At the Benedictine Abbey of Tyniec, in Poland, Roseman drew the present work Brother Florian playing the Recorder, 1978, (fig. 11). In this beautiful drawing, strong, rhythmic strokes of black chalk describing the black habit form a bold abstraction in contrast to the detailed rendering of the monk's face, dark hair and beard, and the monk's hands fingering notes on the recorder. (See "The Monastic Life," Page 4 - "Across the Continent to Austria, Hungary, and Poland.")
From Santo Domingo de Silos, in Castile, a Benedictine abbey known for the study and preservation of Gregorian chant, is the compelling portrait Fray Javier singing the Psalms, (fig. 12). Gregorian chant, associated with singing the Psalms, developed mainly in the monasteries, with the golden age of composition dating from the fifth to eighth centuries.[7]

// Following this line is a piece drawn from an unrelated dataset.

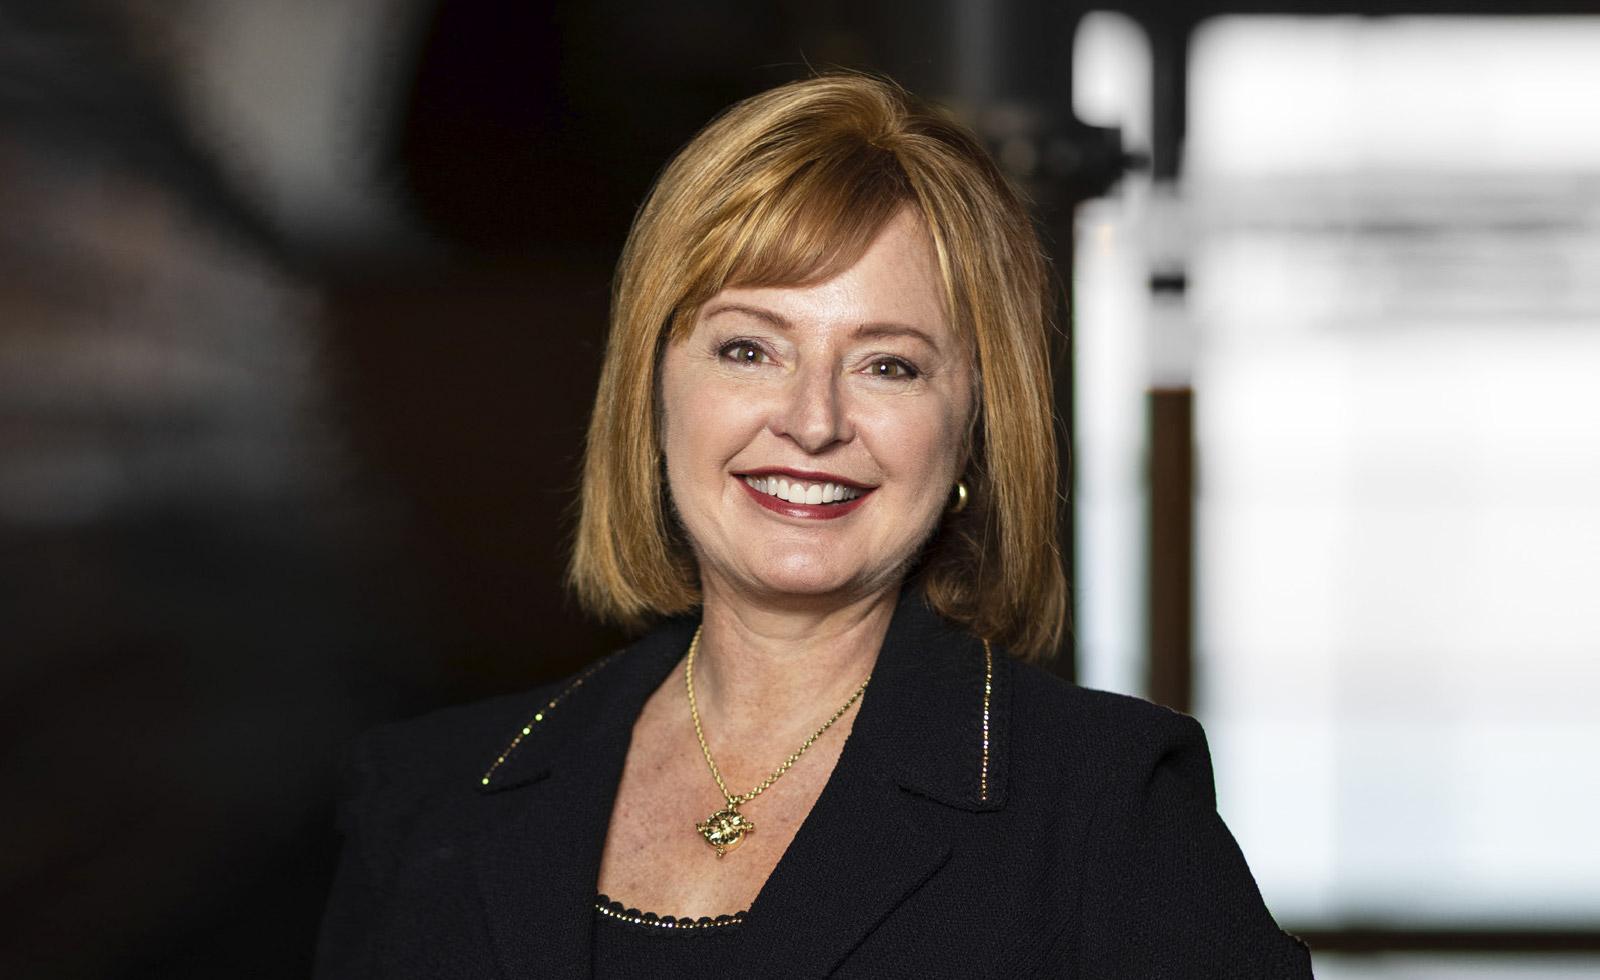 Linda Maclachlan, CEO and founder of entara

On Christmas Eve 1996, Roseman drew from the wings of the stage Elisabeth Maurin in her acclaimed role as the dreamy, young Clara in The Nutcracker, the story of which takes place on Christmas Eve - albeit in the previous century. Elisabeth Maurin was promoted to the rank of étoile, or star dancer, in 1988 by Rudolf Nureyev in his tenure as Director of the Dance at the Paris Opéra.
The Uffizi, Florence, conserves the drawing Elisabeth Maurin presented here, (fig. 7). In this sublime drawing, Roseman expresses with an economy of fluent, nuanced, pencil lines the youthfulness and innocence of Tchaikovsky's charming heroine and the grace and virtuosity of the celebrated star dancer.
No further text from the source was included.